▶ [EXERCISE PROMPT]: A faithful copy is needed of the lines below from the one with "Posing Drawings Pencil" up to and including the one with "Coloursplash Canvas iPhone Soft Case"; set it down with no pictures and no other lines.

▶ [INPUT RECORDS]:
###
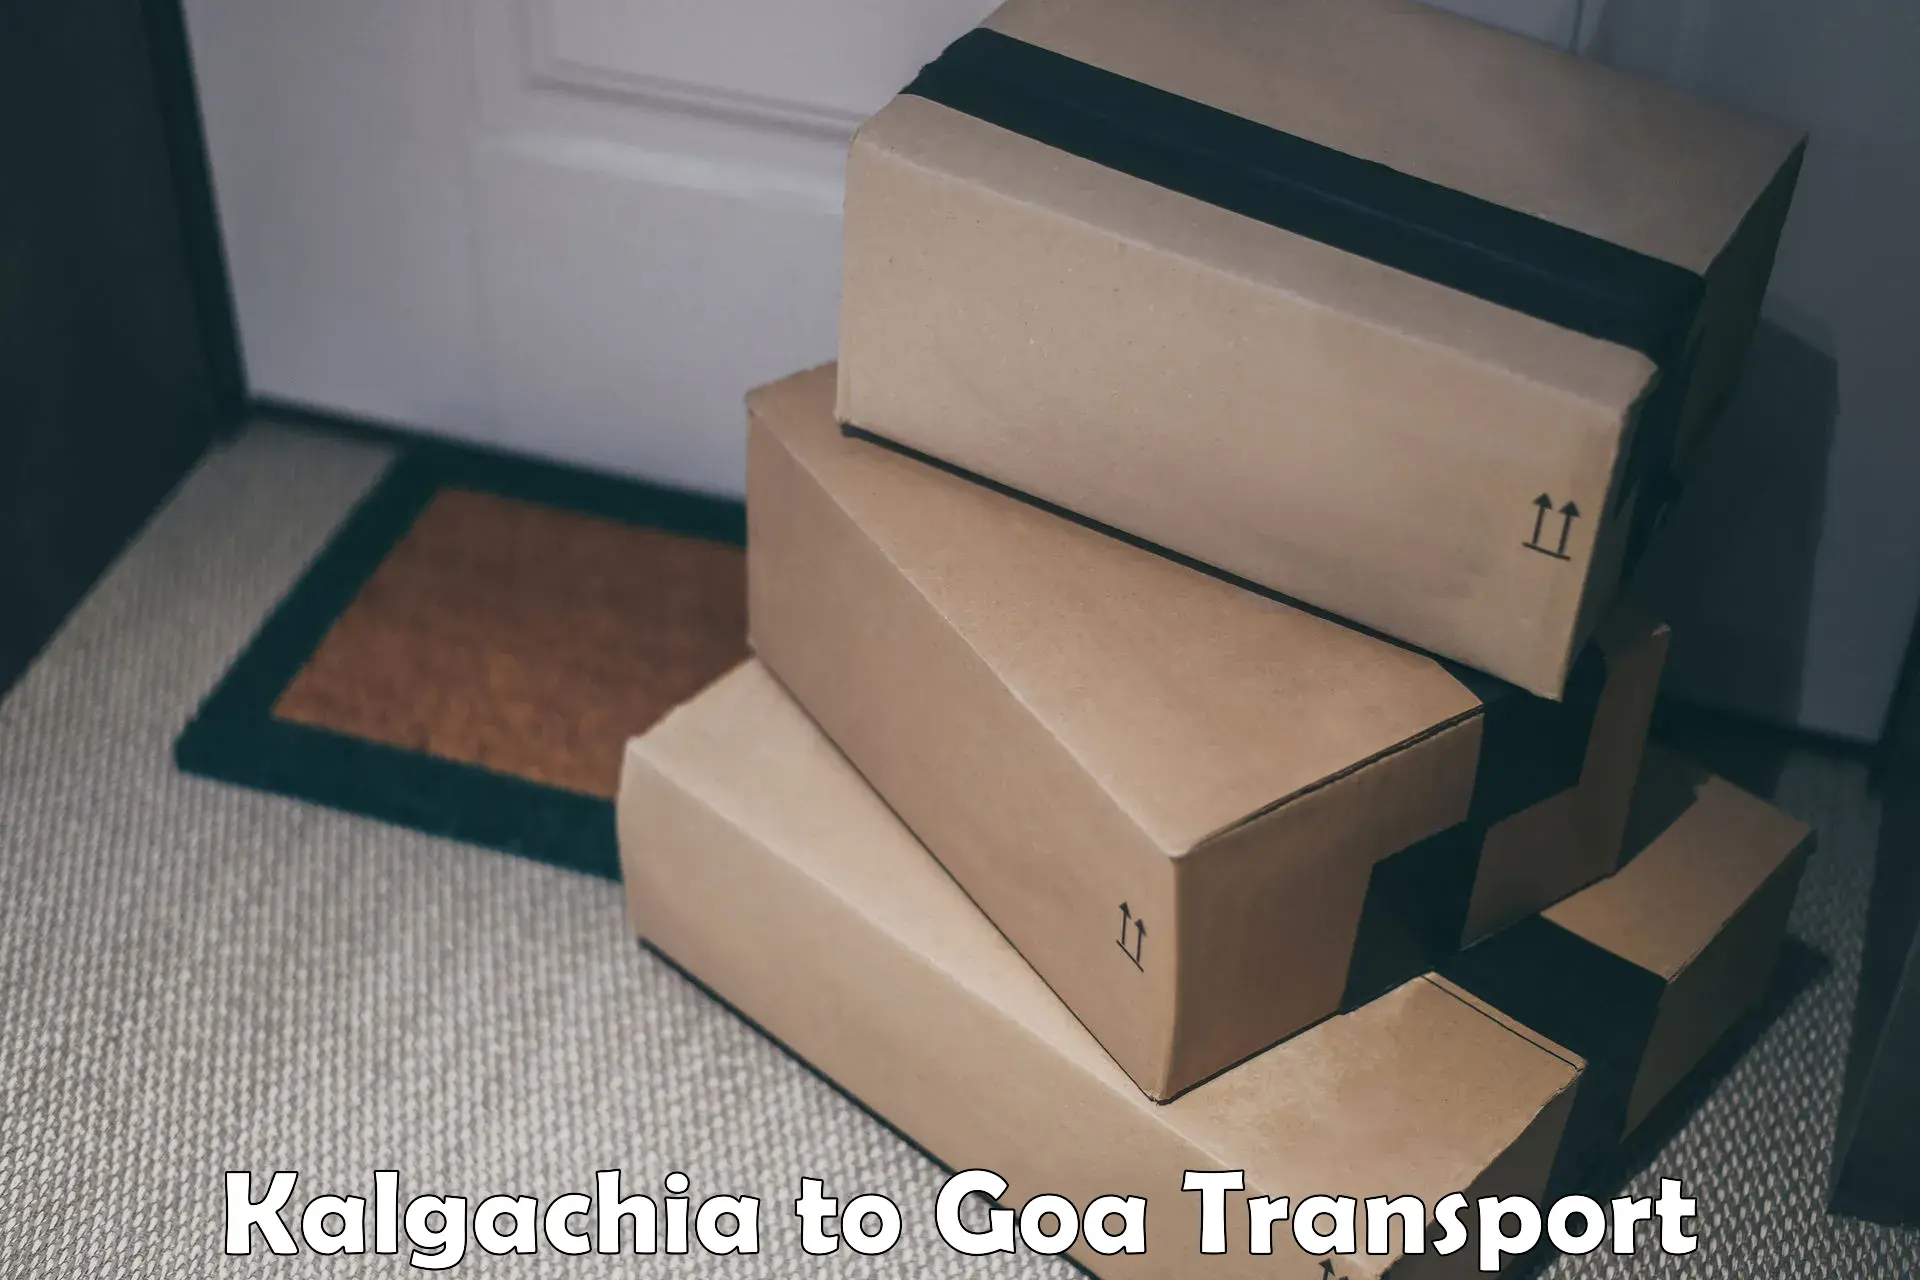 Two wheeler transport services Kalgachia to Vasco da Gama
###
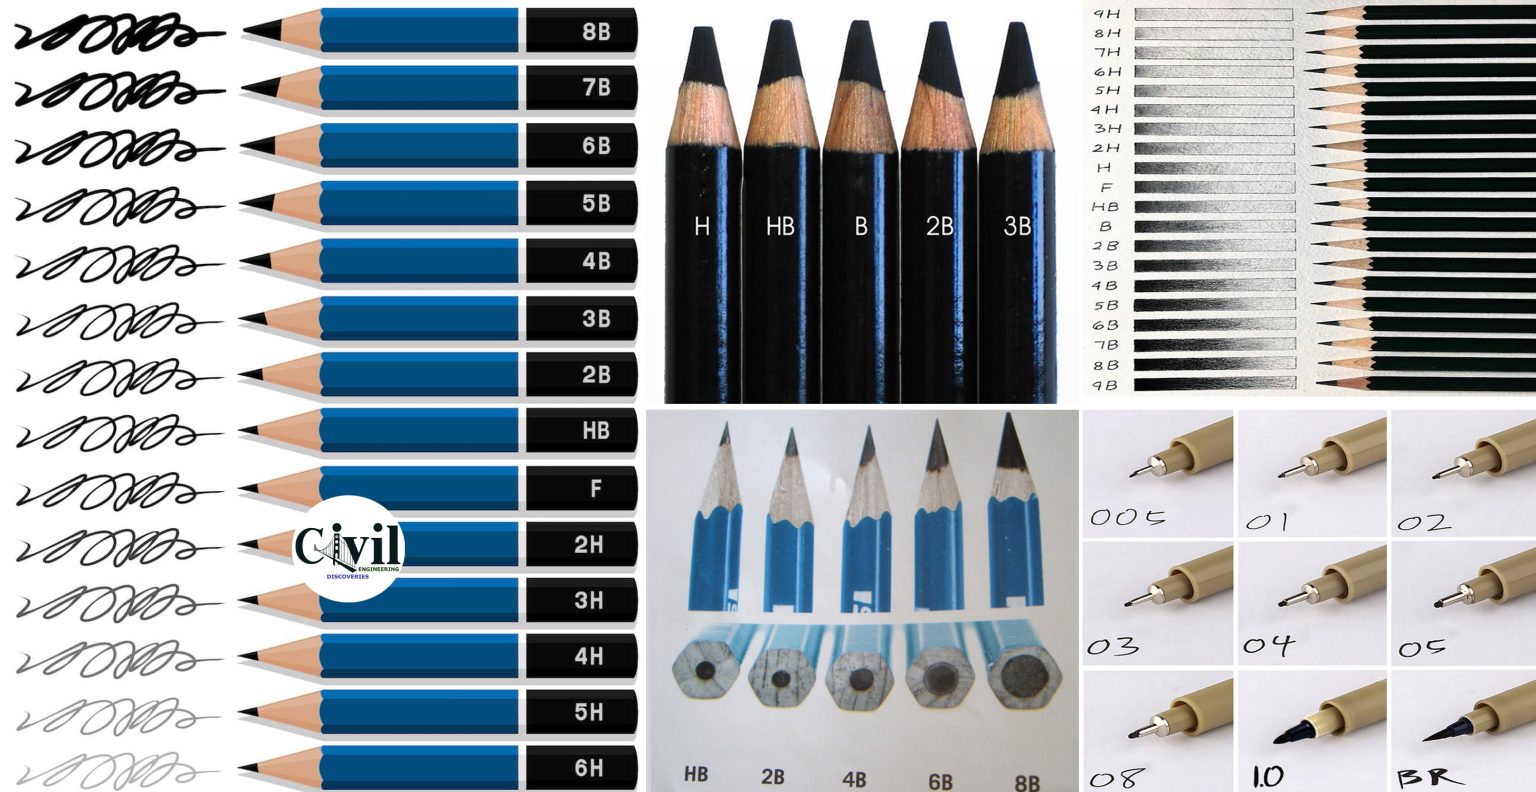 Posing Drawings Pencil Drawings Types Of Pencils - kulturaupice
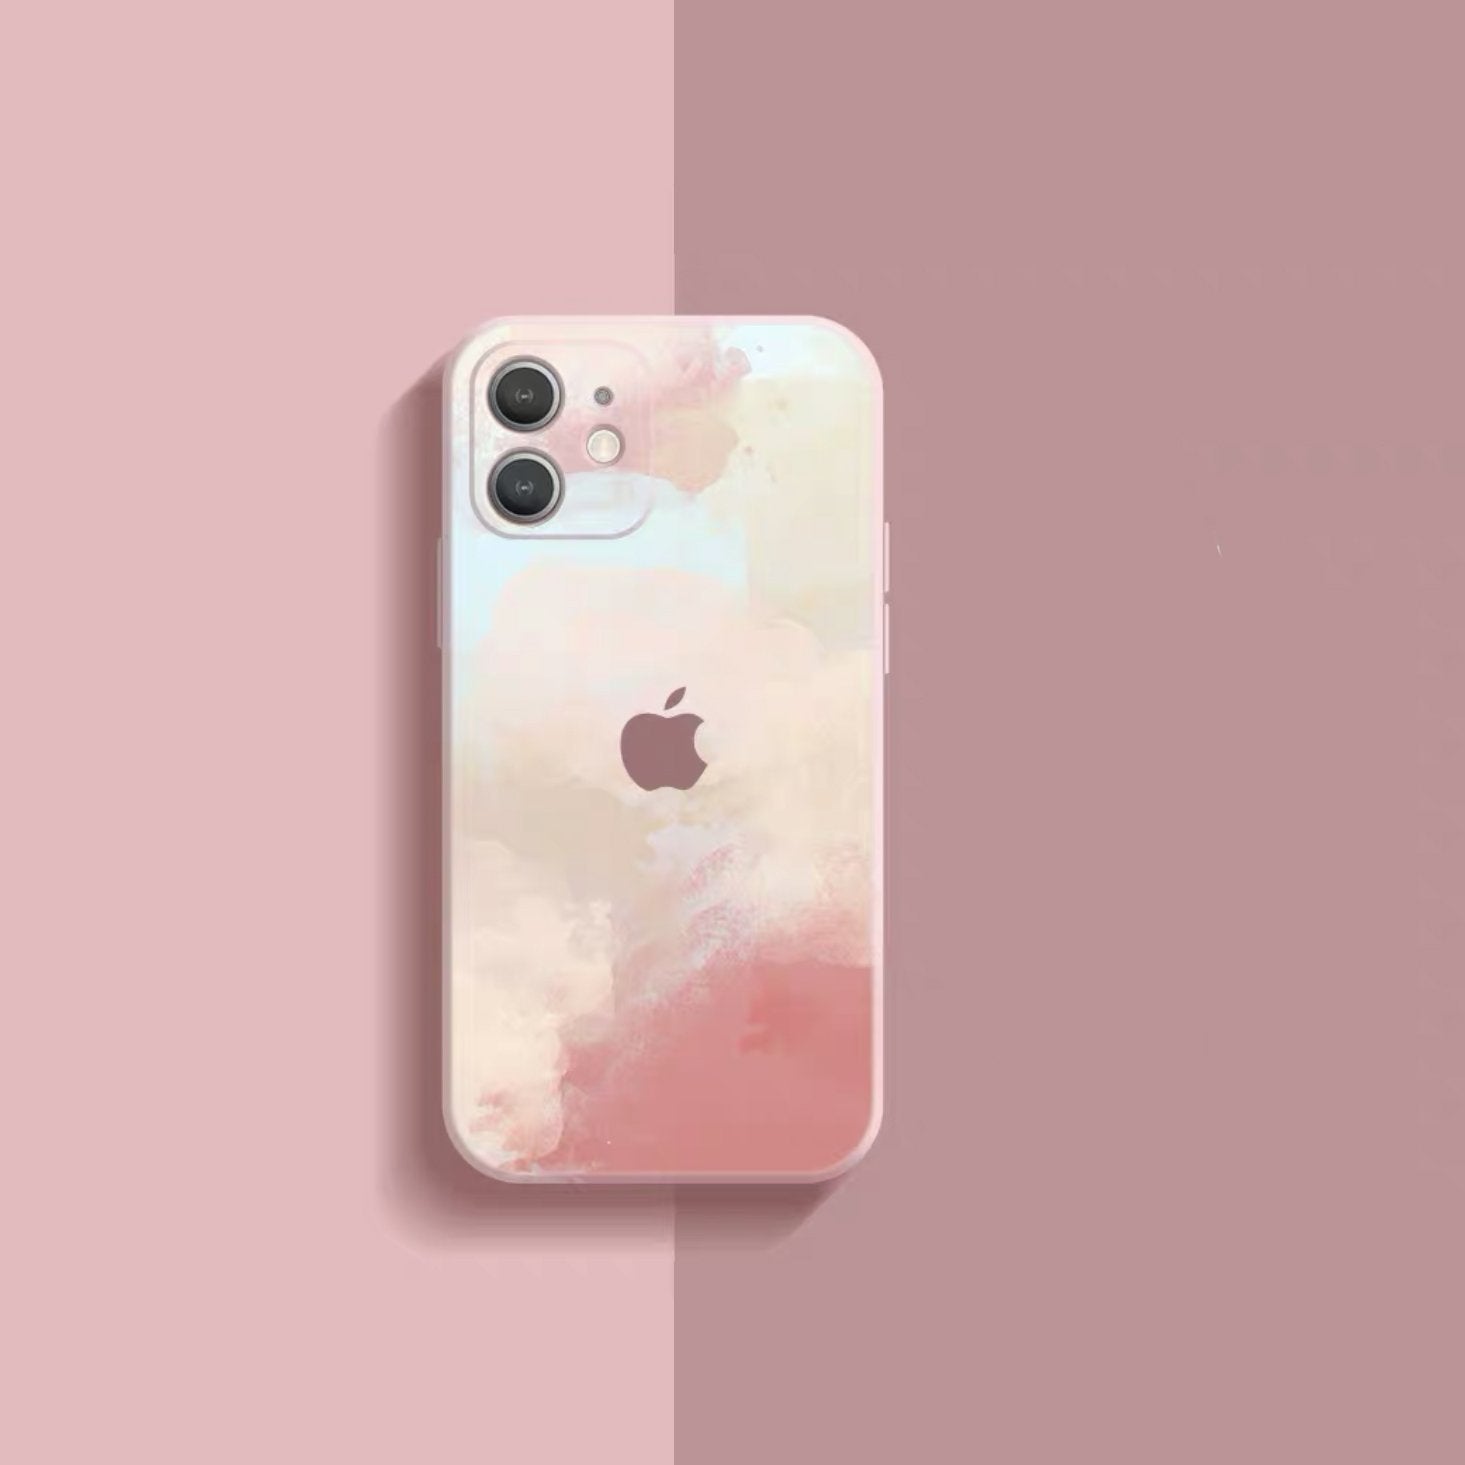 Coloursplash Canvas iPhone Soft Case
###
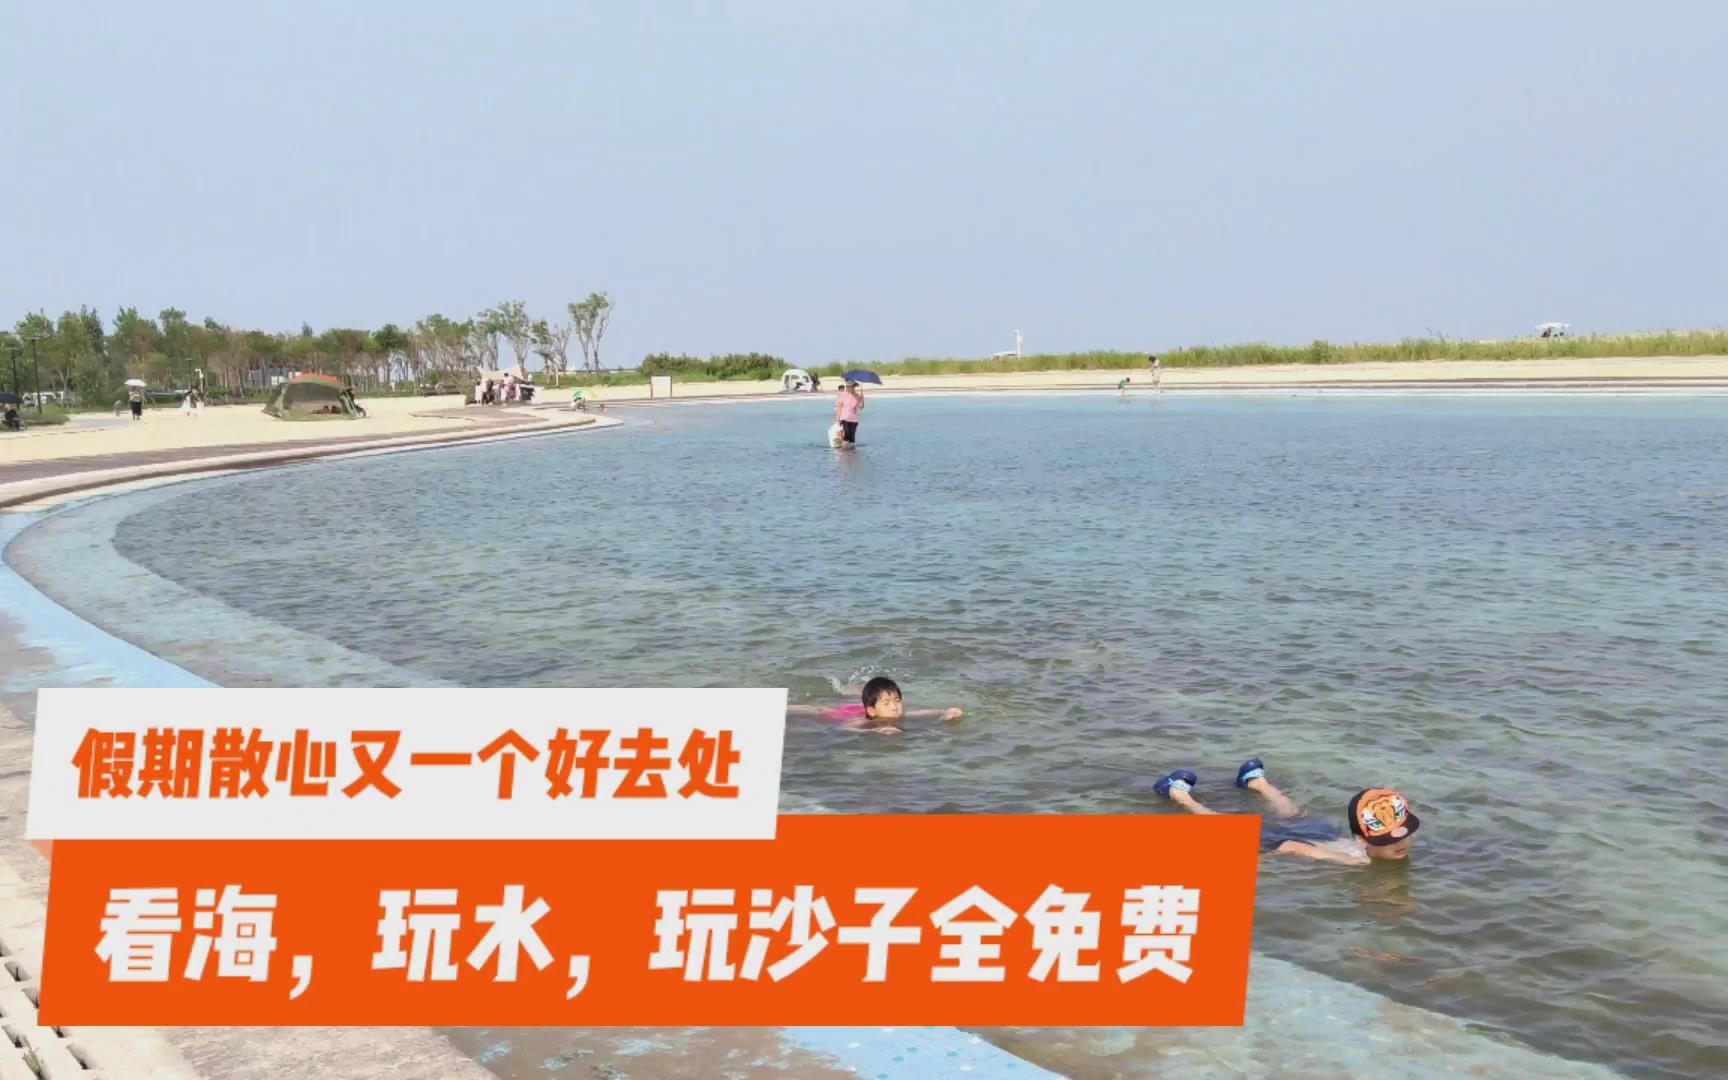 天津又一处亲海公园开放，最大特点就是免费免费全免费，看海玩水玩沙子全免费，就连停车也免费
###
▶ [SOLVED PROBLEM]:
 Posing Drawings Pencil Drawings Types Of Pencils - kulturaupice
 Coloursplash Canvas iPhone Soft Case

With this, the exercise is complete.